If you push solr input documents via HTTP (which is what SolrJ does),
you could increase CPU consumption (and therefor reduce indexing time)
by sending your update requests asynchronously, using multiple updating
threads, to your single solr core.
Somebody more familiar than me with the Update chain could probably tell
you more, but I think each update request is treated inside a single
thread on the server side.
If that's correct, then you can increase CPU consumption on your
indexing host by adding more updating threads (to the client pushing
documents to your solr core)
Also make sure you don't ask solr to commit your pending changes to solr
index too frequently (on each add), but only when you want changes to be
taken into account on the searching side.

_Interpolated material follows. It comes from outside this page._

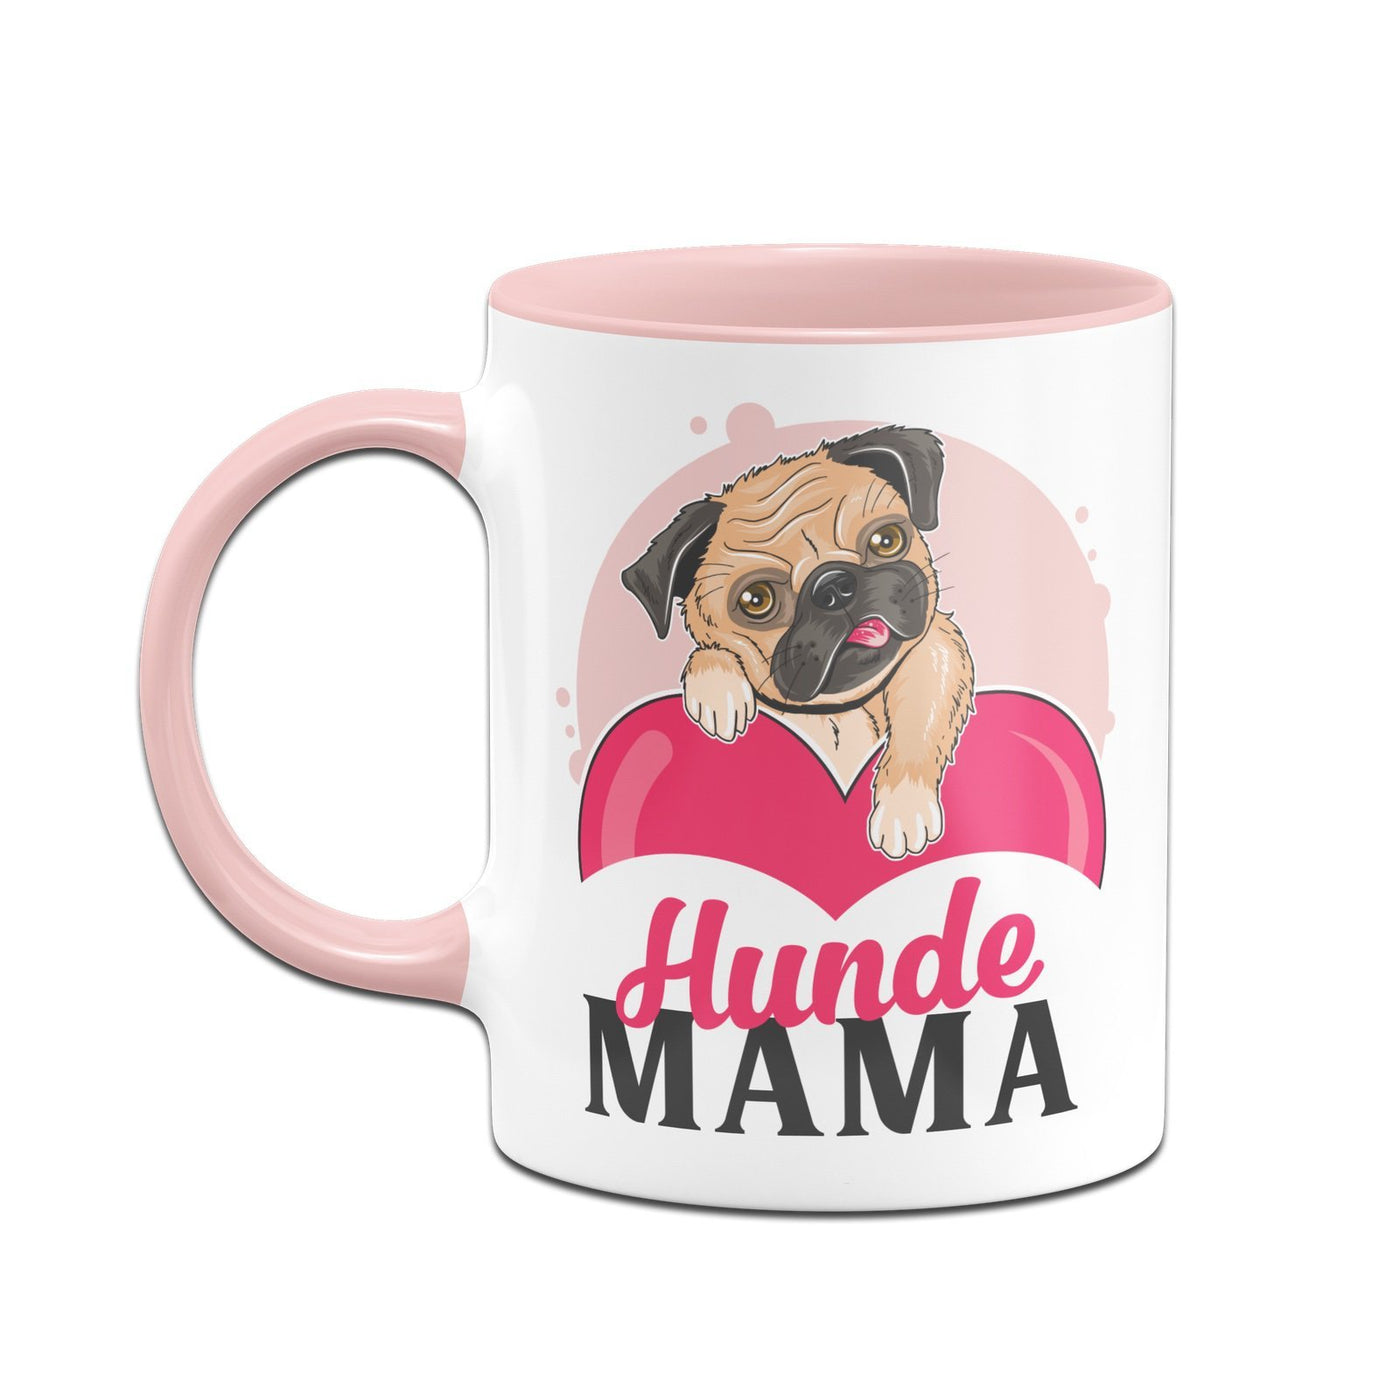 Bild: Tasse - Hunde-Mama Geschenkidee

I personnaly like to let solr do autoCommits, using a combo of max added
documents and elapsed time conditions for the auto commit policy.
Considering indexing bottlenecks more generally, my experience in that
field, is that indexing speed is usually bound to, in frequency order :
- source enumeration speed (especially if solr input documents are made
out of complex joins on a remote DB)
- Network IO if performing remote indexing and the network link isn't
adapted to amount of data running through it
- Disk IO if you commit very often and rely on commodity SATAs HDDs, or
if another process is stressing the poor little device (keep the 150
IOPS limit in mind for sata devices)
- CPU if were able to get rid of previous bottlenecks
- Memory isn't playing the same role in indexing speed than other
factors, because from my point of view it would only be a limit if you
perform complex analysis on many many fields, and if that becomes a
problem, then it becomes easy to spot with JMX and JConsole because your
JVM would then be performing many GCs, and the process's resident RAM
usage will be close to whatever was set to -Xmx .
I don't know if I was really clear, all I can say is that increasing the
number of clients pushing updates to solr in parrallel was the easiest
for me to reduce the indexing time for large update batches.
Hope this helps,
--
Tanguy
Le 08/03/2012 11:48, gabriel shen a écrit :
Our indexing process is to adding a bundle of solr documents(for example
5000) to solr each time, and we observed that before commiting(which might
be io bounded) it uses less than half the CPU capacity constantly, which
sounds strange to us why it doesn't use full cpu power. As for RAM, I don't
know how much it will affect CPU utilization, we have assigned 14gb to the
solr tomcat server on a 32 gb linux machine.
best regards,
shen
On Thu, Mar 8, 2012 at 11:27 AM, Gora Mohanty<g...@mimirtech.com> wrote:
On 8 March 2012 15:39, gabriel shen<xshco...@gmail.com> wrote:
Hi,
I noticed that, sequential indexing on 1 solr core is only using 40% of
our
8 virtual core CPU power. Why isn't it use 100% of the power? Is there a
way to increase CPU utilization rate?
[...]
This is an open-ended question which could be due to a
variety of things, and also depends on how you are indexing.
Your indexing process might be I/O bounded (quite possible),
or memory bounded, rather than CPU bounded.
Regards,
Gora